- **PROBLEM REQUIREMENTS**:
The entire listing that follows must be repeated exactly, pictures excluded.

- **PROVIDED MATERIAL**:

——————————

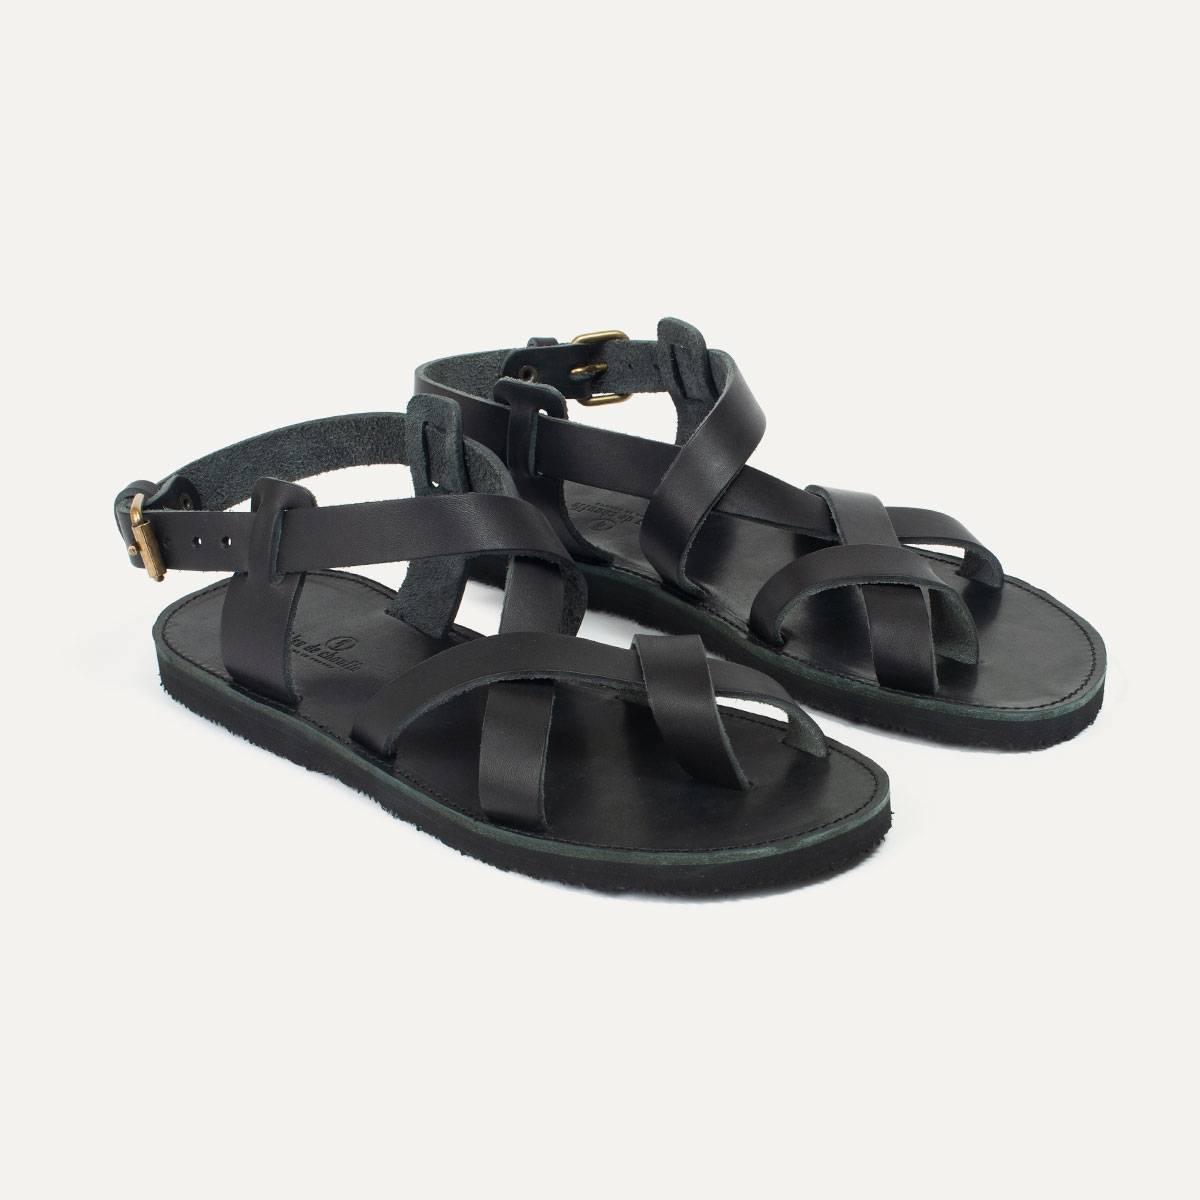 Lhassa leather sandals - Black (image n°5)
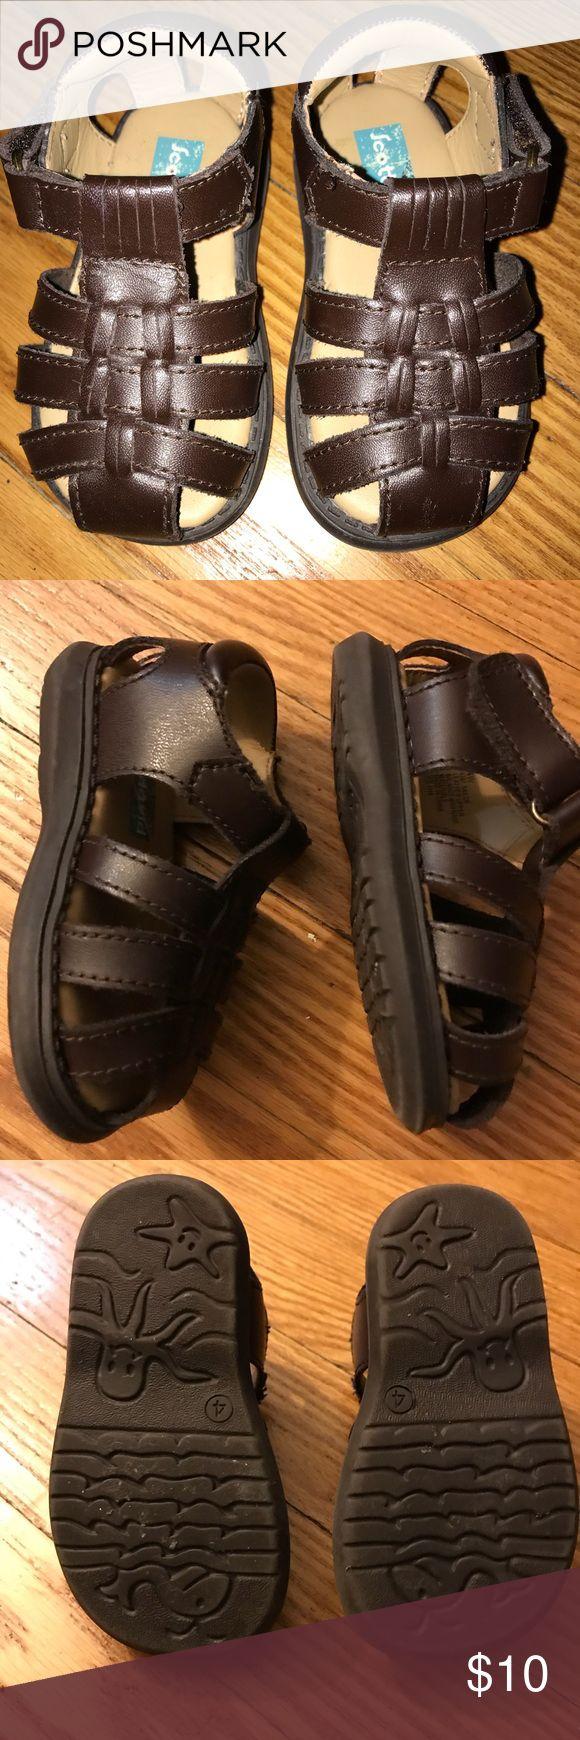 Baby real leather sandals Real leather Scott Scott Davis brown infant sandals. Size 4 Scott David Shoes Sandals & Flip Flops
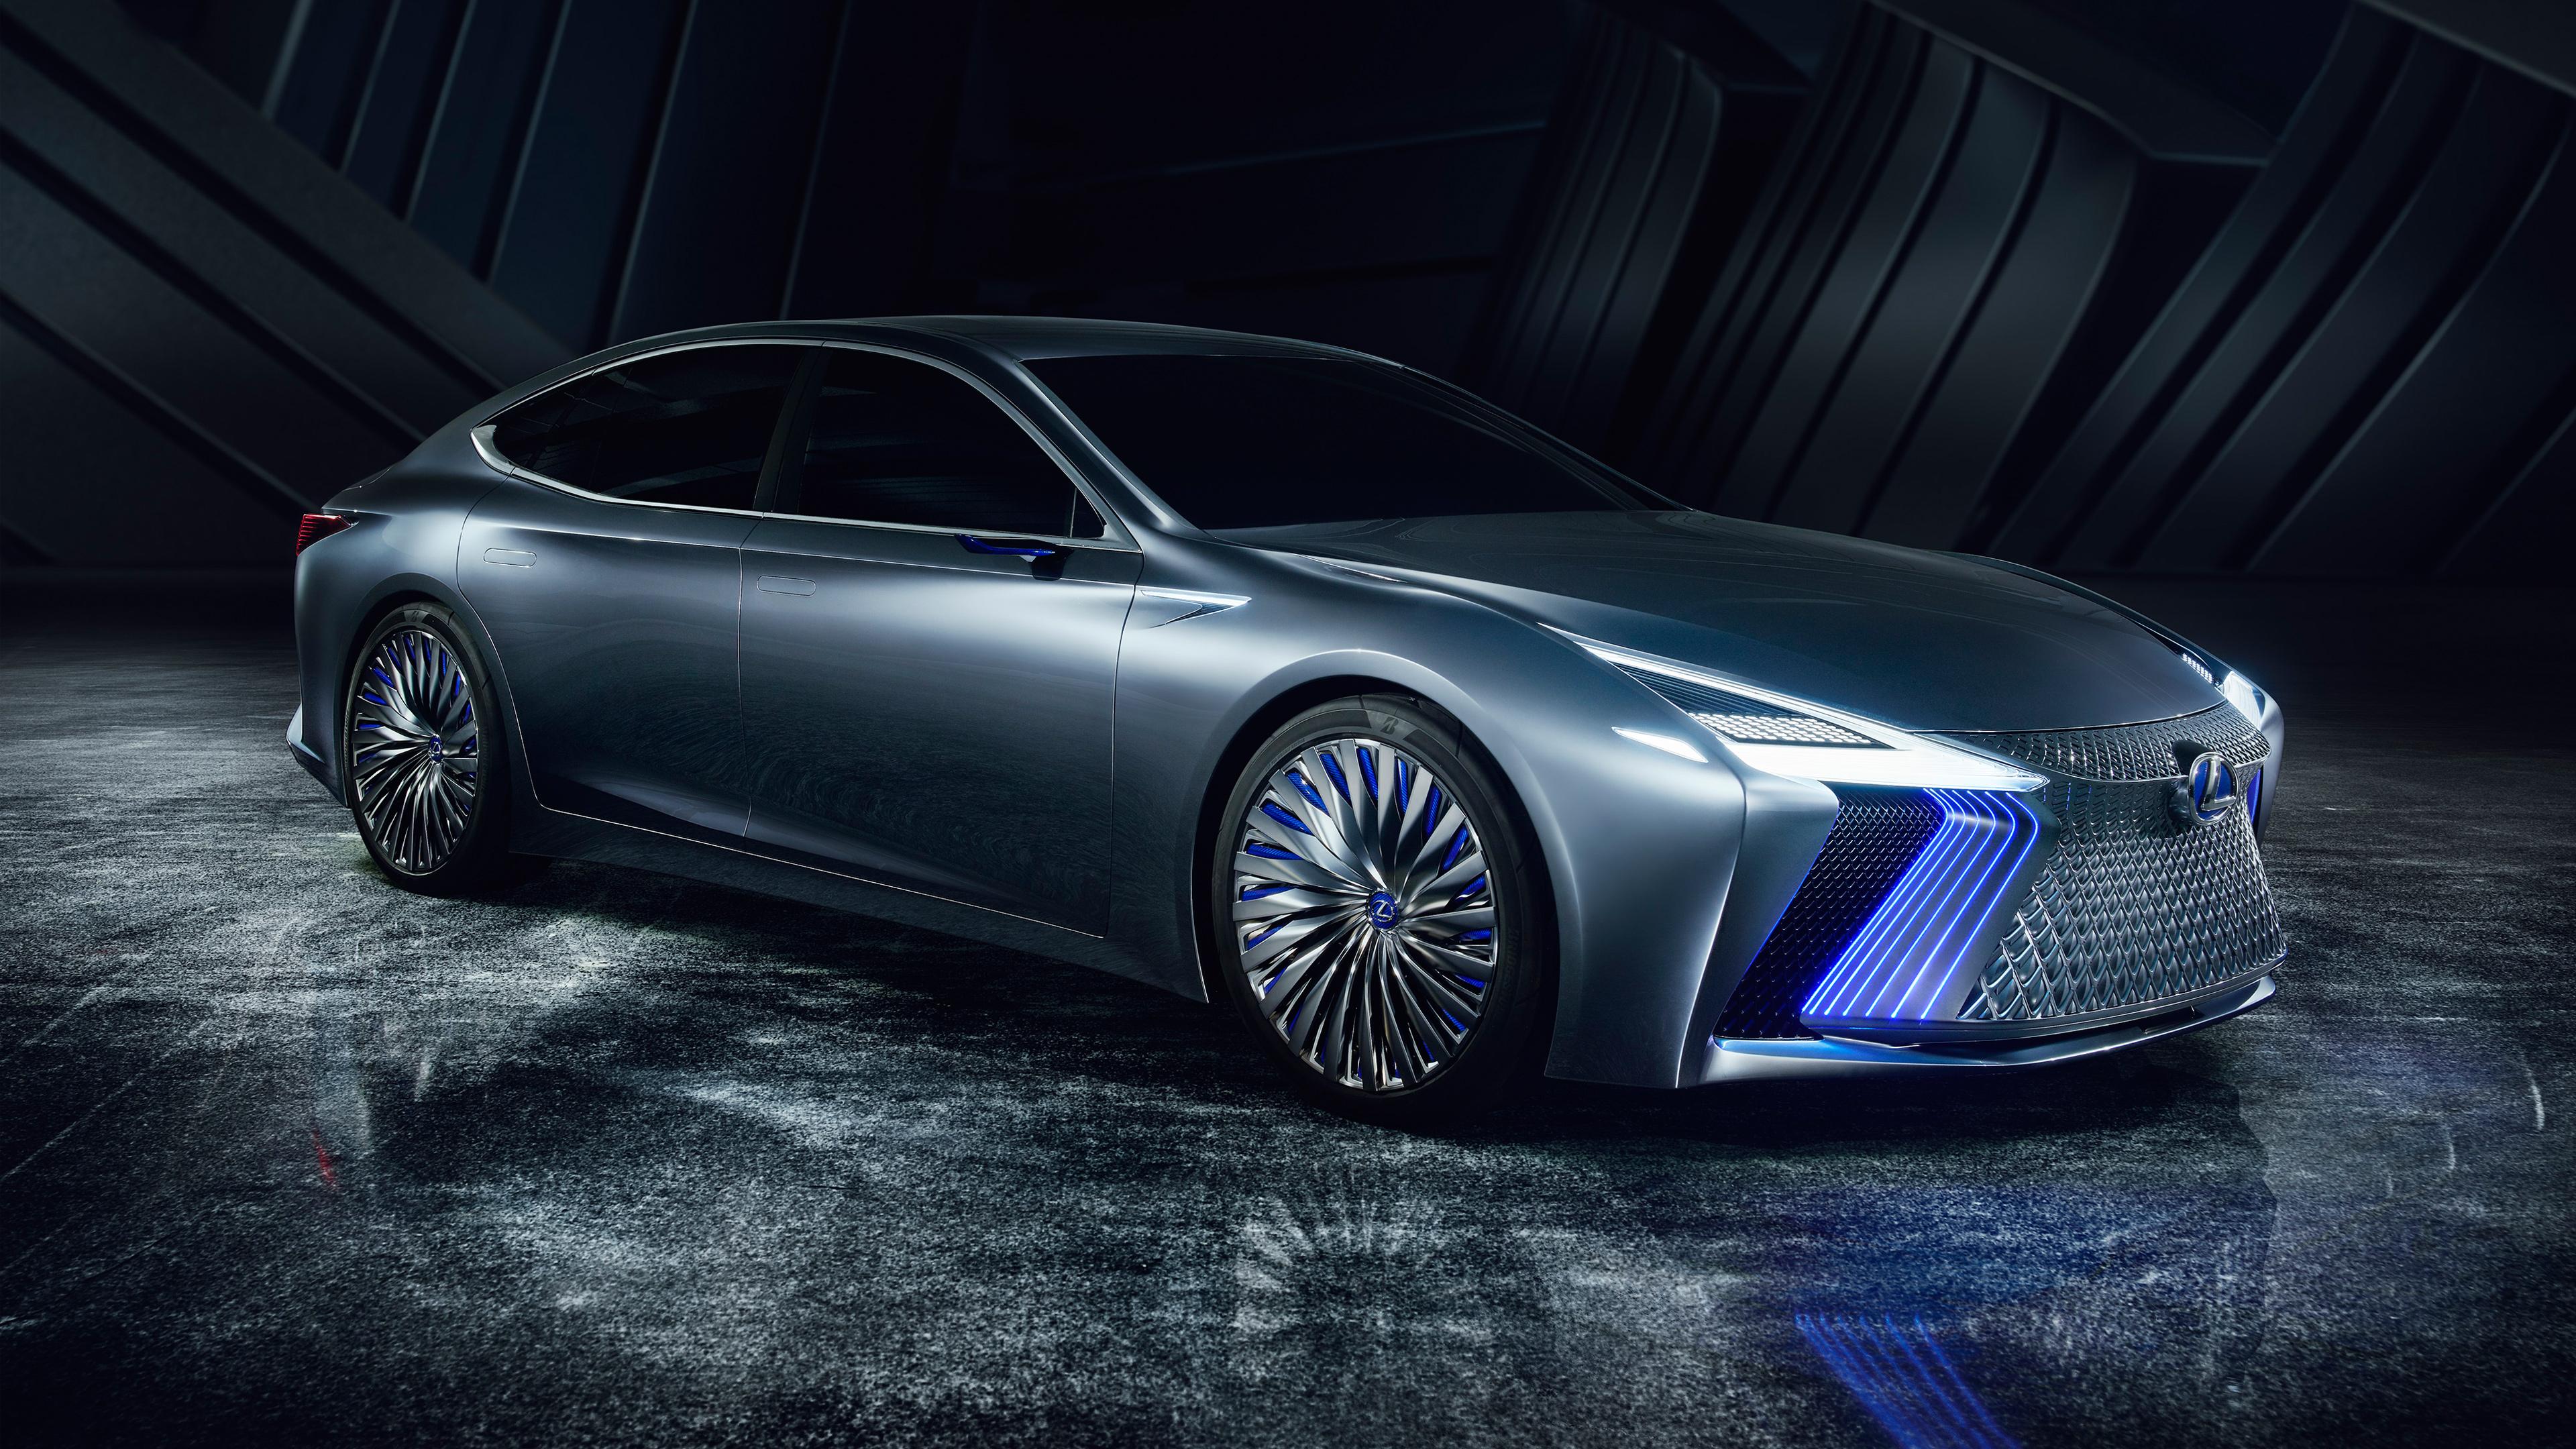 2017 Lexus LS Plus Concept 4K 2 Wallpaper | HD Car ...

——————————

- **WORKED SOLUTION**:
 Lhassa leather sandals - Black (image n°5)
 Baby real leather sandals Real leather Scott Scott Davis brown infant sandals. Size 4 Scott David Shoes Sandals & Flip Flops
 2017 Lexus LS Plus Concept 4K 2 Wallpaper | HD Car ...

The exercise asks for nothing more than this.